Can Free Wi-Fi Close Osun’s Digital Divide? Inside the Imole Wi-Fi Project
Oreoluwa Ayannubi
Getting online in Nigeria is expensive. For students who need access to research, farmers checking market prices, or job seekers applying for opportunities, the cost of data is often a barrier. That’s the gap Osun State says it wants to close with the launch of Imole Wi-Fi, a free public internet service.
Governor Ademola Adeleke framed the project as more than just connectivity. “Imole Wi-Fi is a gateway to opportunity,” he said. His government is betting that free internet hotspots across the state can spark growth in education, commerce, healthcare, and agriculture.
Where It Starts
For now, the service is live at a handful of locations, including the Osun State Library, Alphastart Hub, Osun Mall, Salvation Army Middle School, Osogbo Grammar School, and government offices tied to the Innovation and Digital Economy ministry. These are symbolic choices: libraries and schools for students, malls for businesses, and government buildings for service delivery.
Who Really Benefits?
On paper, the use cases are broad. Students can join online classes. Job seekers can apply without burning through expensive data bundles. Clinics could explore telemedicine. Farmers might check weather forecasts before planting. Even emergency services could rely on better connectivity.
But here’s the real test: can Osun keep the network fast, reliable, and safe? Free Wi-Fi projects in Nigeria often start strong but struggle with maintenance and expansion. The Special Adviser on the project, Azeez Badmus, admits this is just “the first step,” with plans to roll out more government services and sector-specific tools in later phases.
Why This Matters
Public internet isn’t new, but it’s rare to see state governments in Nigeria treat it as core infrastructure. If Osun delivers on Imole Wi-Fi, it could set a precedent for other states, especially as Nigeria pushes for deeper digital inclusion under national broadband goals.
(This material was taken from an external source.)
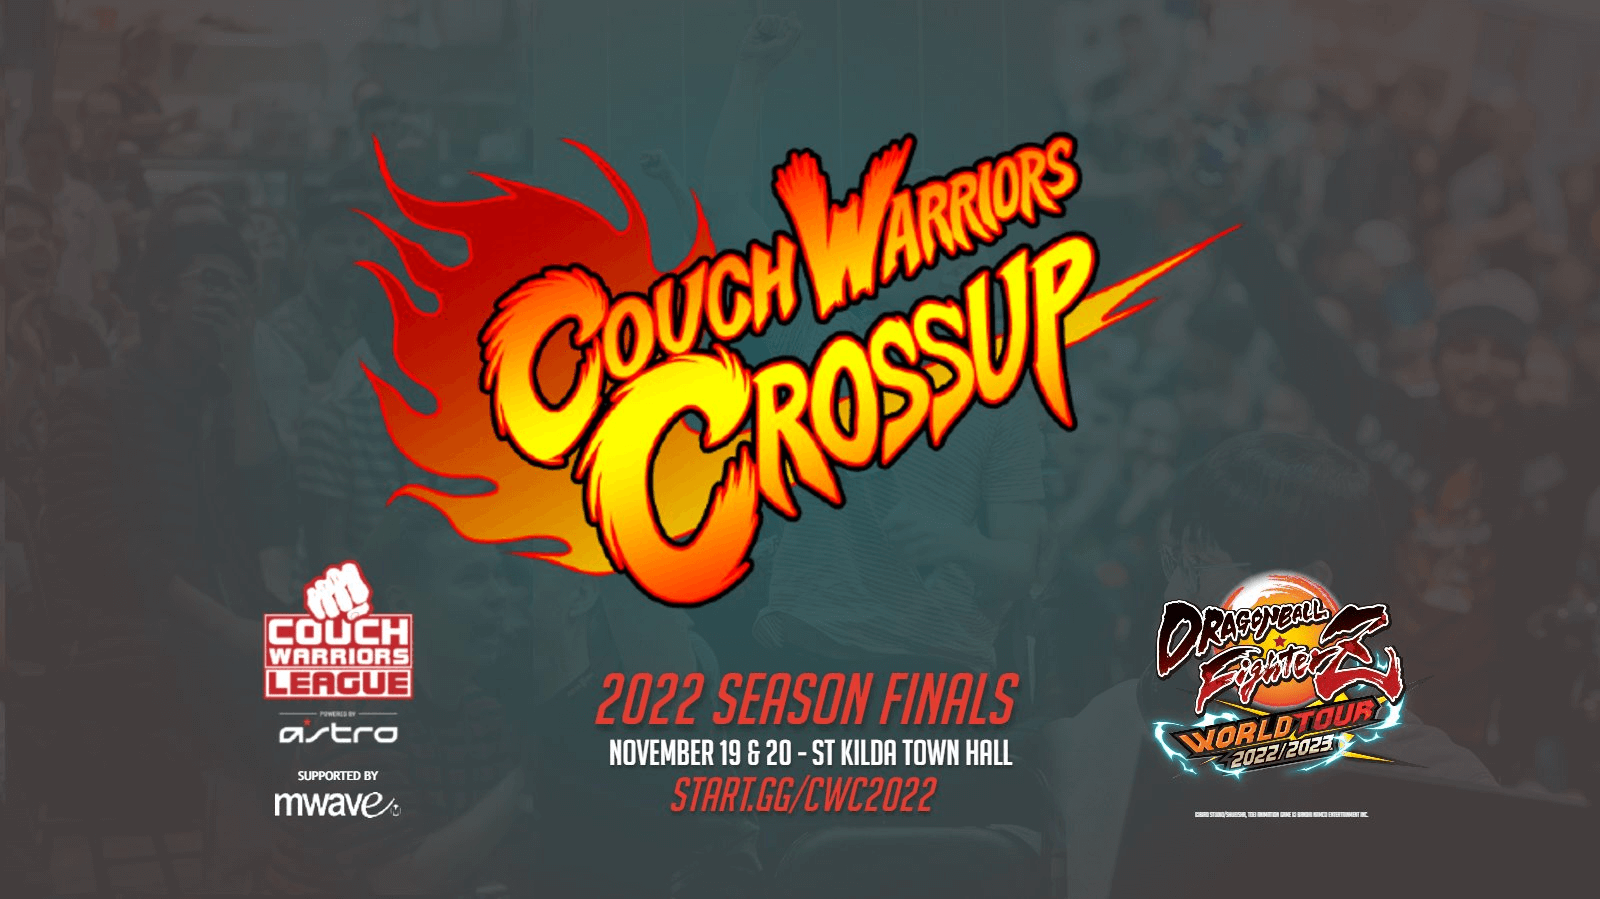 CouchWarriors Crossup 2022: Fighting Esports in Australia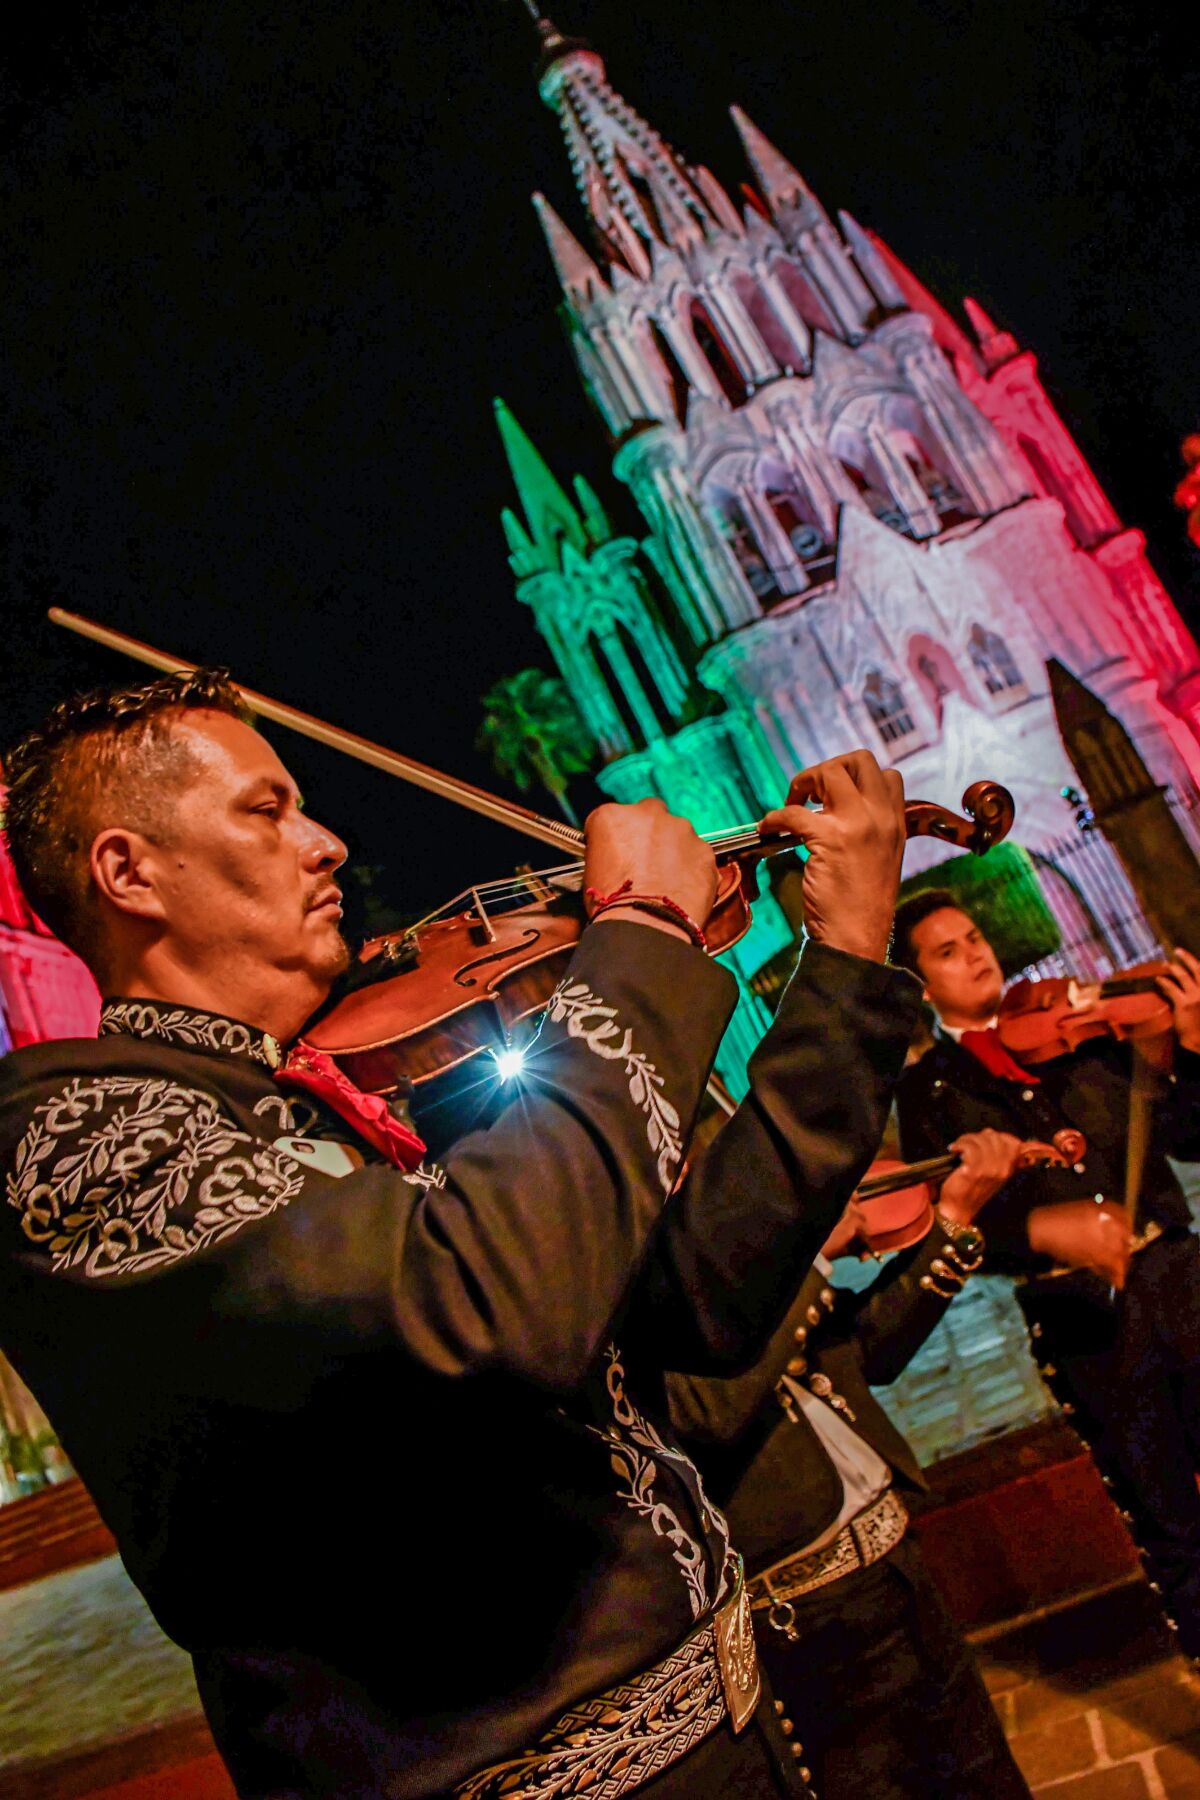 Musicians gather nightly at El Jardin, the central plaza of San Miguel de Allende

The challenge will be scale. Six hotspots don’t close the digital divide. Sustained funding, technical partnerships, and user adoption will decide if Imole Wi-Fi is a real digital lifeline or just another short-lived pilot project.
For now, Osun residents have something many Nigerians still dream of—free Wi-Fi backed by government policy. Whether it changes the state’s digital economy in the long run is a story still being written.